The Washington Supreme Court recently issued a landmark decision barring insurance companies from relying on the attorney-client privilege to avoid disclosure of communications with outside counsel related to the investigation, evaluation, negotiation or processing of bad faith insurance claims. Cedell v. Farmers Insurance Company of Washington, 295 F.3d 239 (2013). Because national insurance companies frequently rely on the expertise of local Washington coverage attorneys to adjust construction defect claims only to hide behind the cloak of attorney-client privilege after denying coverage, this decision will benefit all in the construction industry – contractors, subcontractors, and developers alike – by exposing insurance companies’ bad faith practices and subjecting them to liability under Washington’s Insurance Fair Conduct Act. 

*          *          *

The policyholder in this case, Cedell, suffered a loss in 2006. The insurance company, Farmers, delayed its coverage determination and eventually retained coverage counsel to assist with the handling of Cedell’s insurance claim. Eight months after the loss, Farmer’s coverage counsel sent Cedell a “one-time offer of $30,000” to settle Cedell’s insurance claim; an amount significantly less than the $105,000 exposure Farmers initially estimated. Cedell accordingly filed suit alleging, among other things, that Farmers acted in bad faith in handling his insurance claim.

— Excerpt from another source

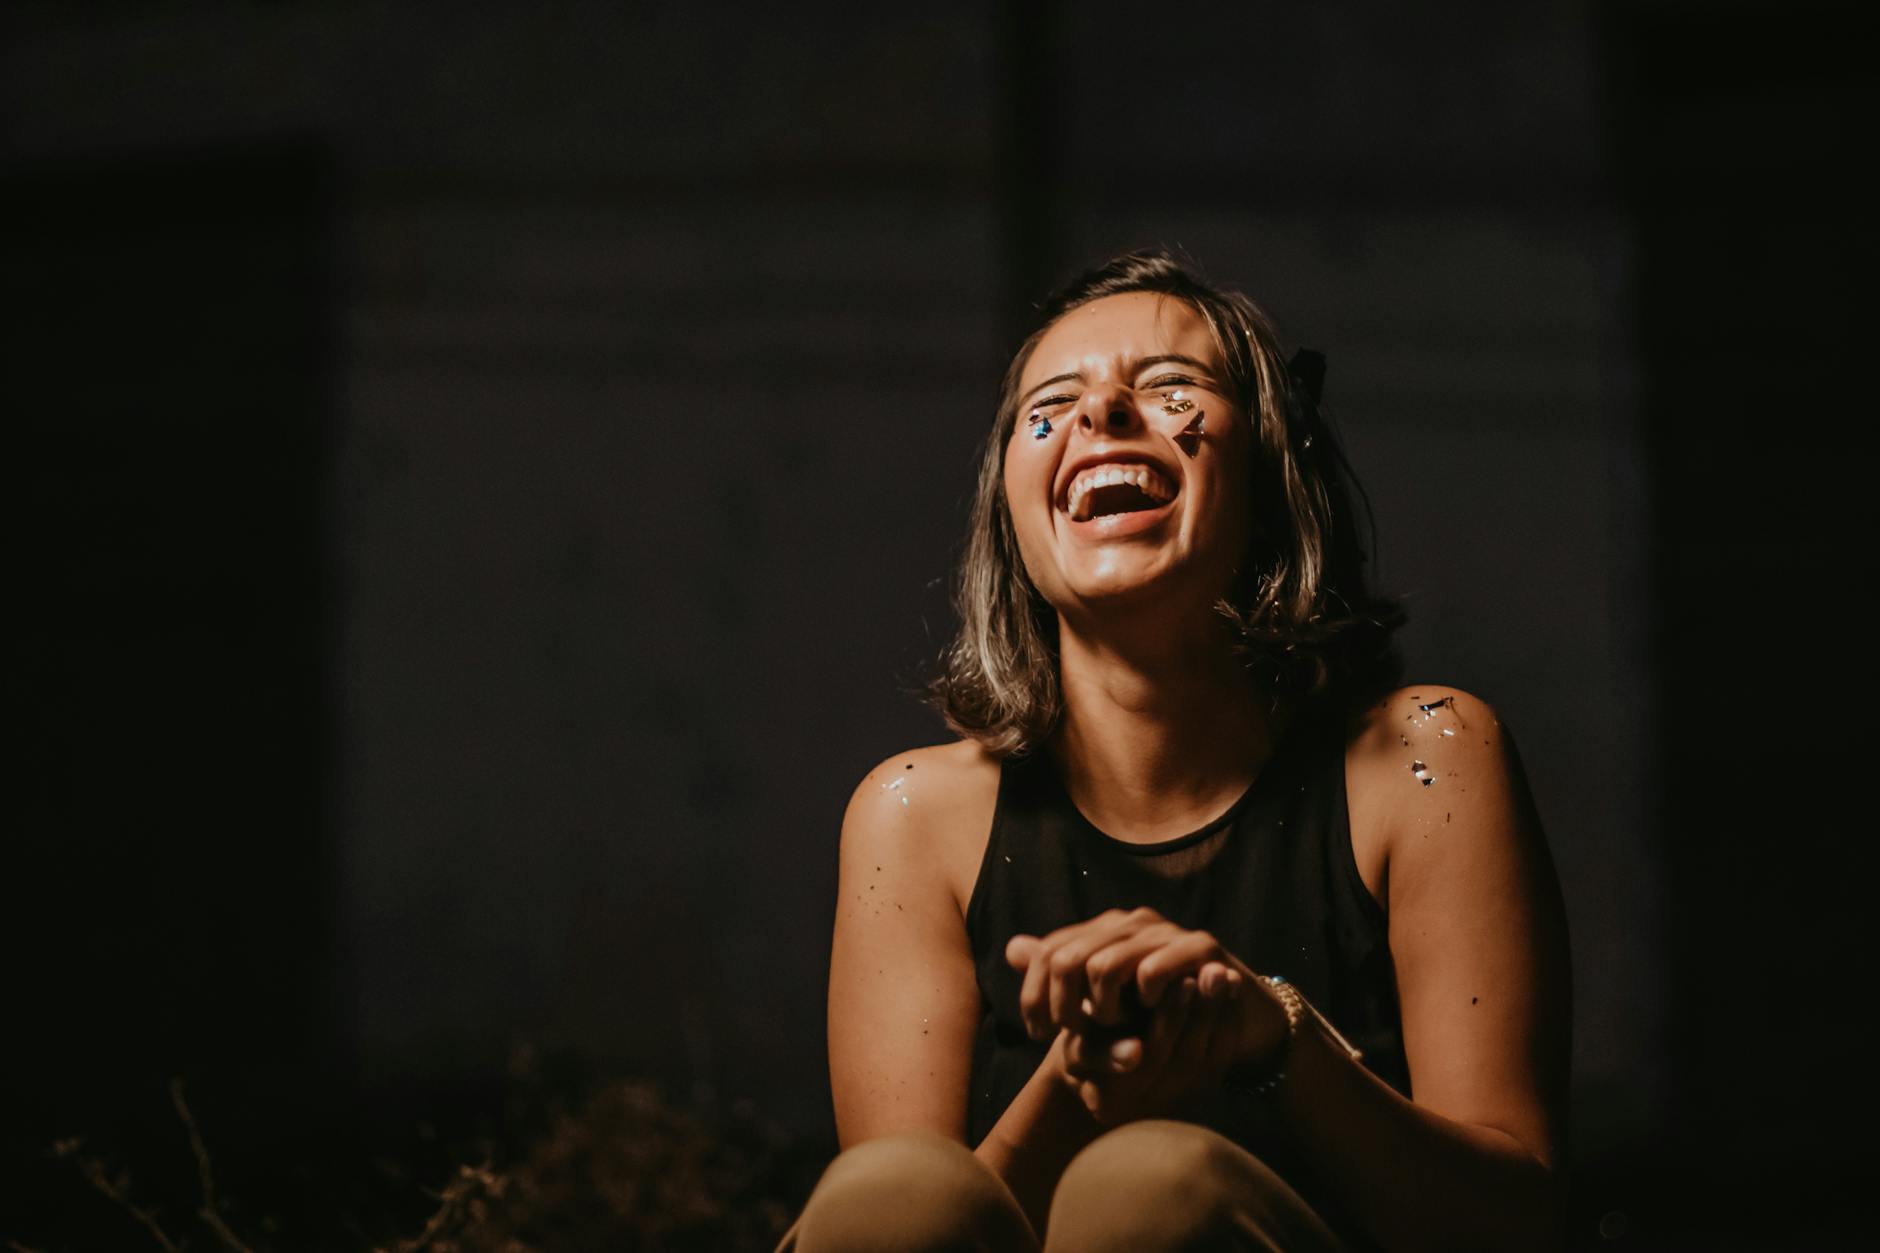 photo of a woman laughing wearing black top

After filing suit, Cedell issued discovery requests to Farmers.  Farmers produced a heavily redacted claims file and refused to answer interrogatories on grounds that the information sought was privileged. Cedell accordingly moved to compel the disclosure of that information and the superior court ordered that Farmers produce the documents it previously withheld or redacted. 

The Court of Appeals reversed the superior court ruling, but the Washington Supreme Court granted review. In siding with Cedell, the Washington Supreme Court established a four-step process by which insurance companies must abide to avoid disclosure of communications which may otherwise be protected by the attorney-client privilege: 

  • First, the Washington Supreme Court established that there is a “presumption that there is no attorney-client privilege relevant between the insured and the insurer in the claims adjusting process, and that the attorney-client and work product privileges are generally not relevant.”
  • Second, “the insurer may overcome the presumption of discoverability by showing its attorney was not engaged in the quasi-fiduciary tasks of investigating and evaluating or processing the claim, but instead in providing the insurer with counsel as to its own potential liability; for example, whether or not coverage exists under the law.”
  • Third, if the insurance company makes such a showing, the insurance company is entitled to an in camera review of the questioned communications and “to the redaction of communications from counsel that reflected the mental impressions of the attorney to the insurance company, unless those mental impressions are directly at issue in the quasi-fiduciary responsibilities to its insured.”
  • Finally, if the court finds the attorney-client privilege applies, “then the court should next address any claims the insured may have to pierce the attorney-client privilege,” such as the fraud exception.

The Washington Supreme Court’s four-step process was established to protect two fundamental public policy pillars: (1) that insurance companies have a good faith, quasi-fiduciary duty to their policyholders under Washington law; and (2) that insurance policies, practices, and procedures are highly regulated in Washington and of substantial public interest. Those two fundamental public policy pillars apply to first-party insurance policies and third-party liability insurance policies alike; in fact, those two public policy pillars have even greater import in the context of third-party liability insurance policies because third-party liability insurers have an enhanced duty of good faith under Washington law. Thus, while insurers will likely argue the Cedell decision only applies to bad faith insurance claims involving first-party insurance policies, the four-step process established by the Washington Supreme Court necessarily applies to first-party insurance policies and third-party liability insurance policies alike.

Accordingly, insurance companies defending against bad faith claims in Washington can no longer rely on the attorney-client privilege to avoid disclosure of communications with outside counsel related to the investigation, evaluation, negotiation or processing of a policyholder’s insurance claim. As the Washington Supreme Court aptly noted, “[t]o permit a blanket privilege in insurance bad faith cases because of the participation of lawyers hired or employed by insurers would unreasonably obstruct discovery of meritorious claims and conceal unwarranted practices.” Id. at 245.